The technique itself is also current enough to matter. Gorgias’s 2025 product and documentation describe a setup built around ecommerce-native data, policy grounding, and controllable behavior rather than generic prompt-only chat. That architecture is better suited to DTC than a freeform general assistant because the work depends on order status, return rules, product knowledge, and escalation logic. The winning pattern is not “AI answers customer questions.” It is “AI is grounded in store data and operating rules, then deployed on the narrow, high-volume parts of the customer journey.”

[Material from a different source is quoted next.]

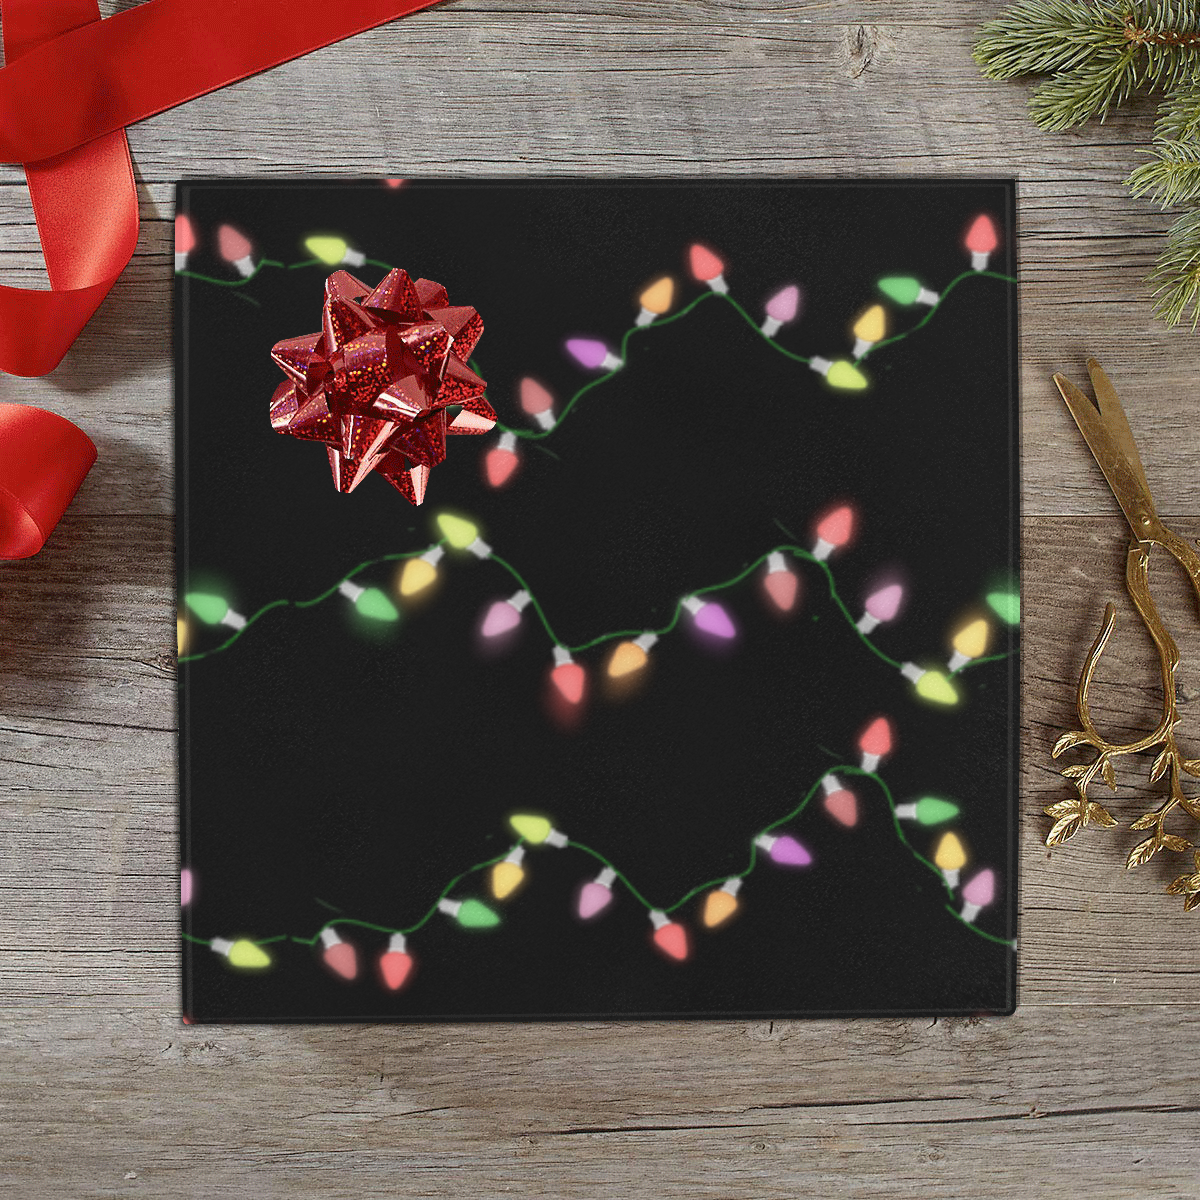 Festive Christmas Lights on Black Gift Wrapping Paper 58"x 23" (5 Rolls)

That is why Boody’s case travels beyond apparel. Independent brands, online retailers, and category specialists all face the same quiet problem: customer conversations scale faster than headcount budgets. The brands that handle that well will not be the ones talking most loudly about AI. They will be the ones that turn repetitive service traffic into a governed, revenue-aware workflow and save human judgment for the interactions that shape trust. Boody’s result is useful because it shows the full chain. Faster replies reduced service drag. Better triage freed the team. Better use of the team improved customer relationships. And support, for once, looked less like a cost to contain and more like a sales surface to design.